[WHAT YOU WILL DO]
Return the data verbatim, without pictures.

[DATASET EXCERPT]
··········

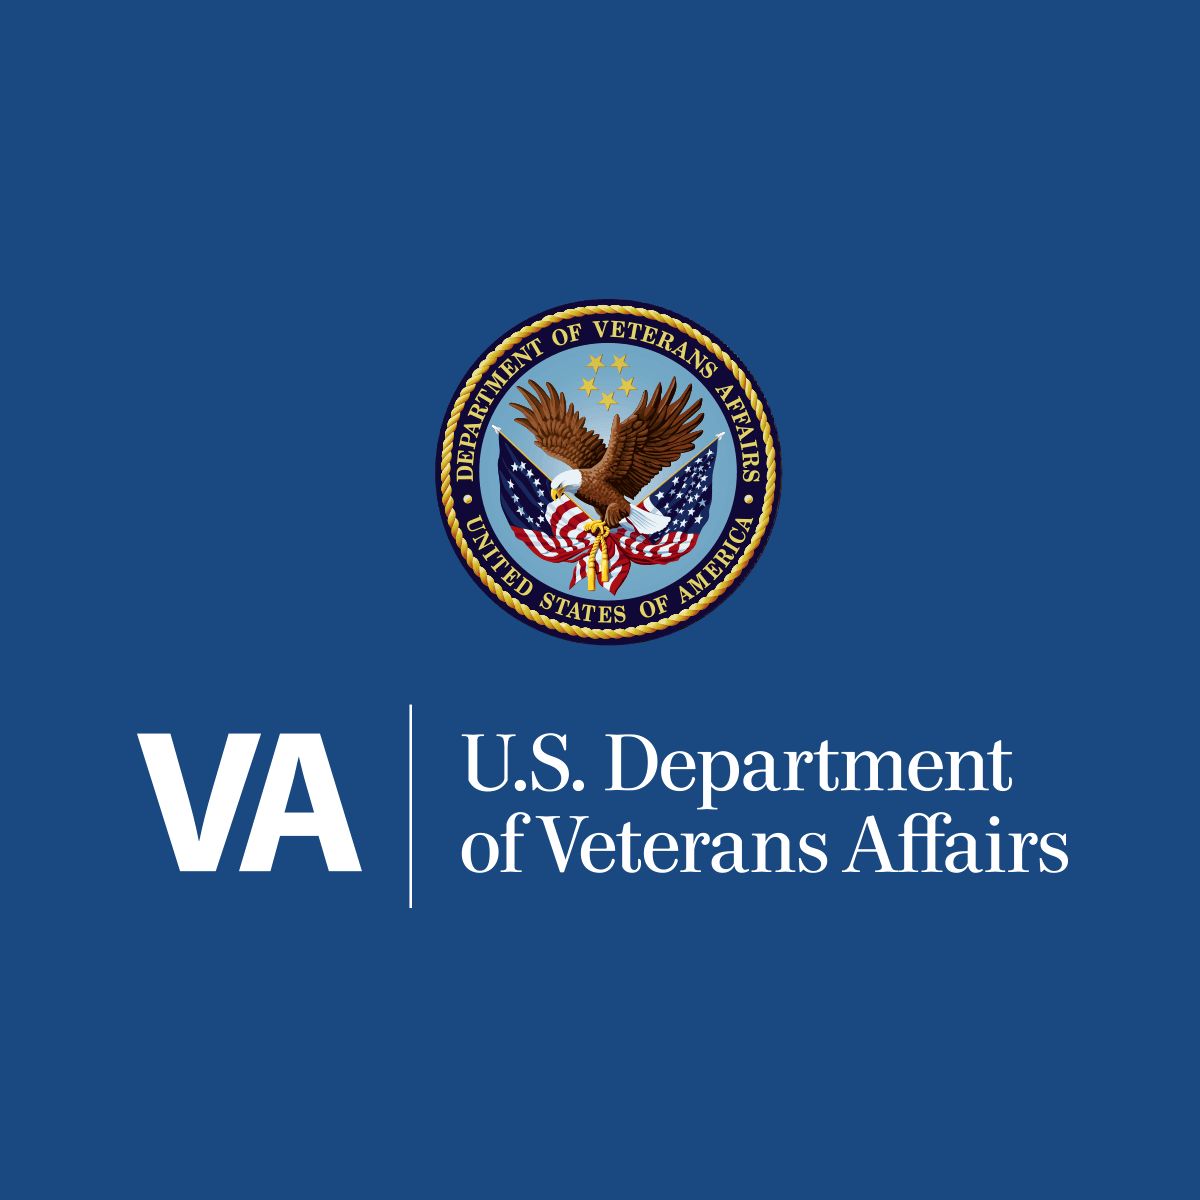 Orlando VA Healthcare System takes care of its veterans
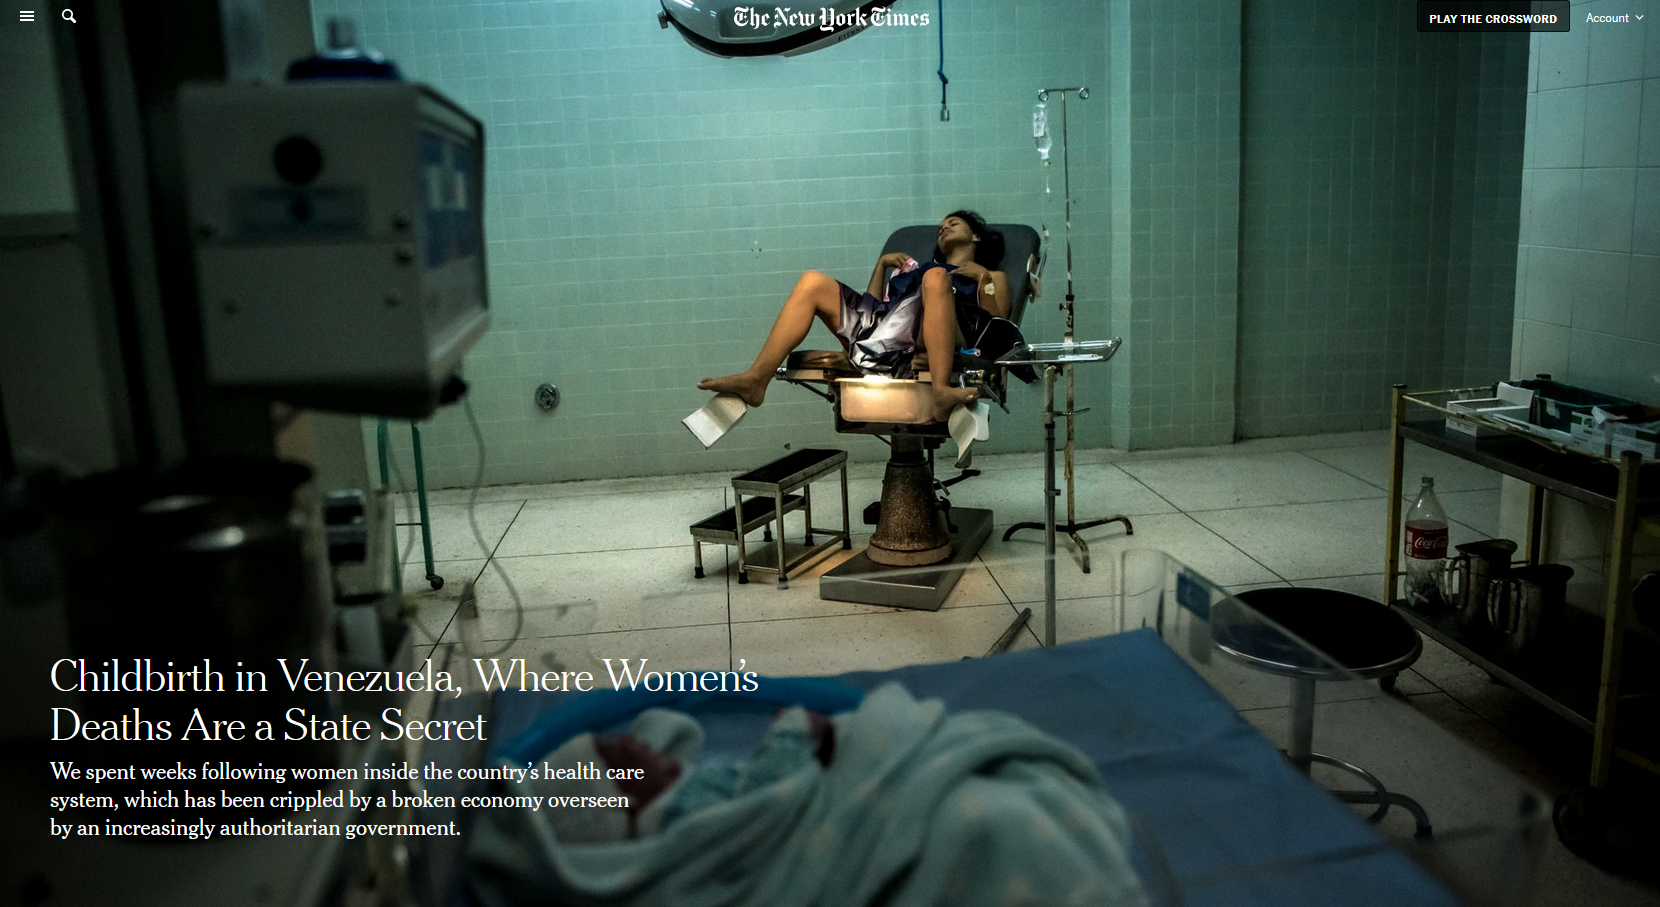 NYT: Childbirth in Venezuela, Where Women’s Deaths Are a State Secret
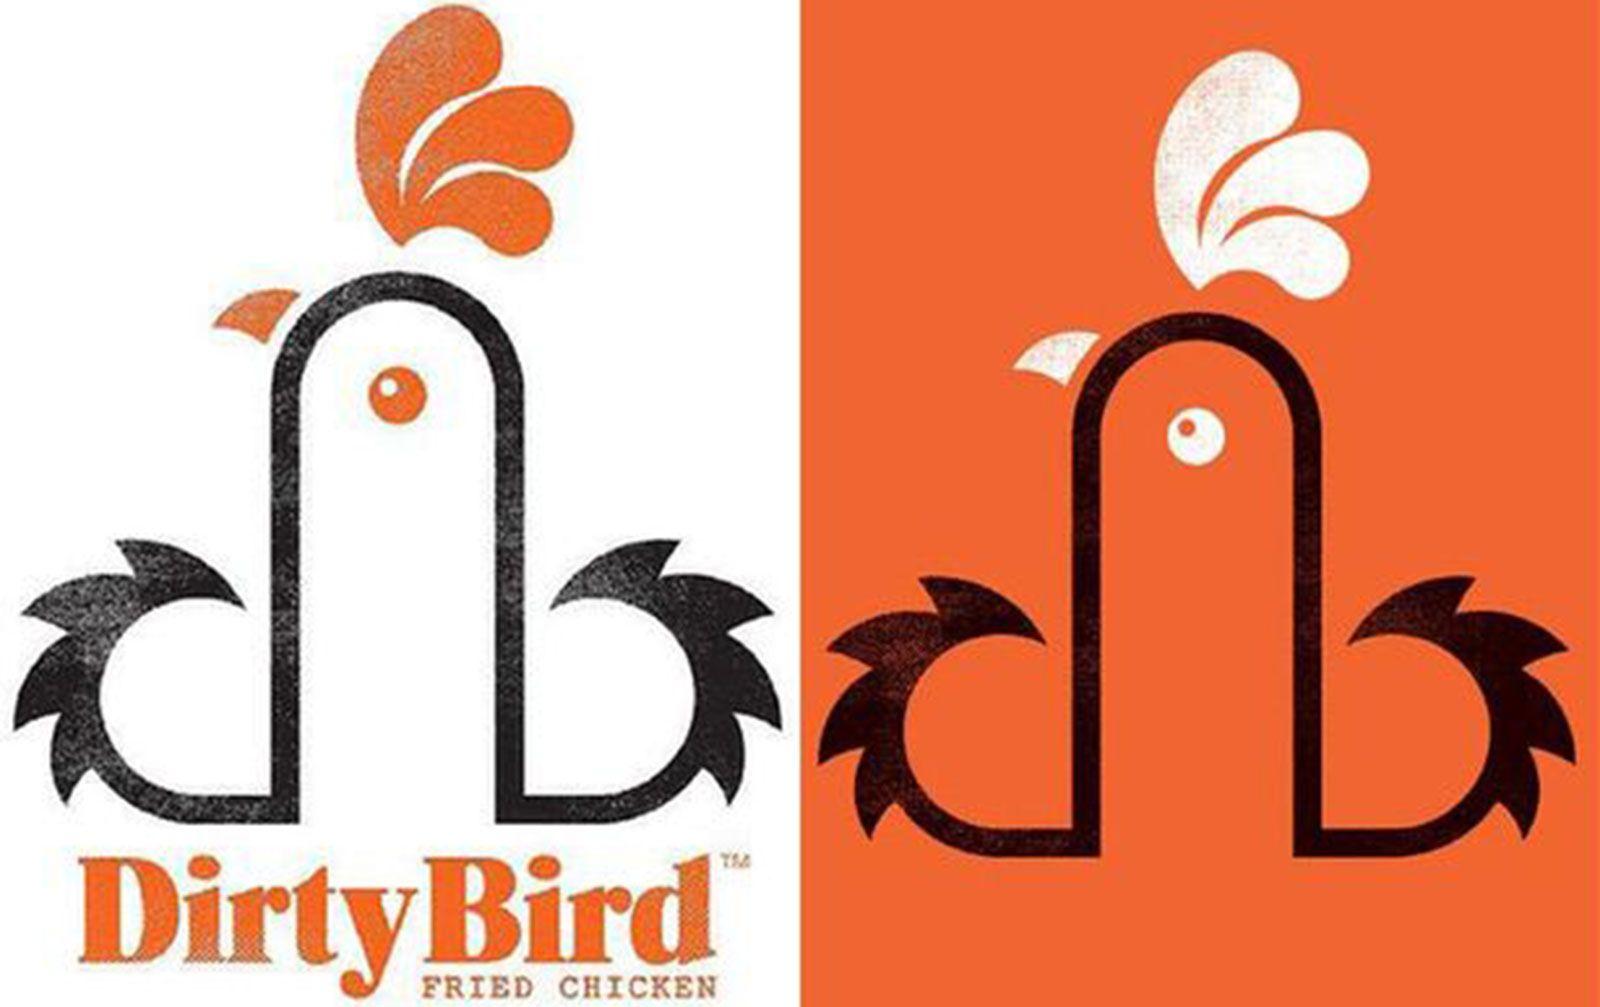 Orange Bird Company Logo - Dirty Bird logo but clever

··········

[TASK SOLUTION]
 Orlando VA Healthcare System takes care of its veterans
 NYT: Childbirth in Venezuela, Where Women’s Deaths Are a State Secret
 Orange Bird Company Logo - Dirty Bird logo but clever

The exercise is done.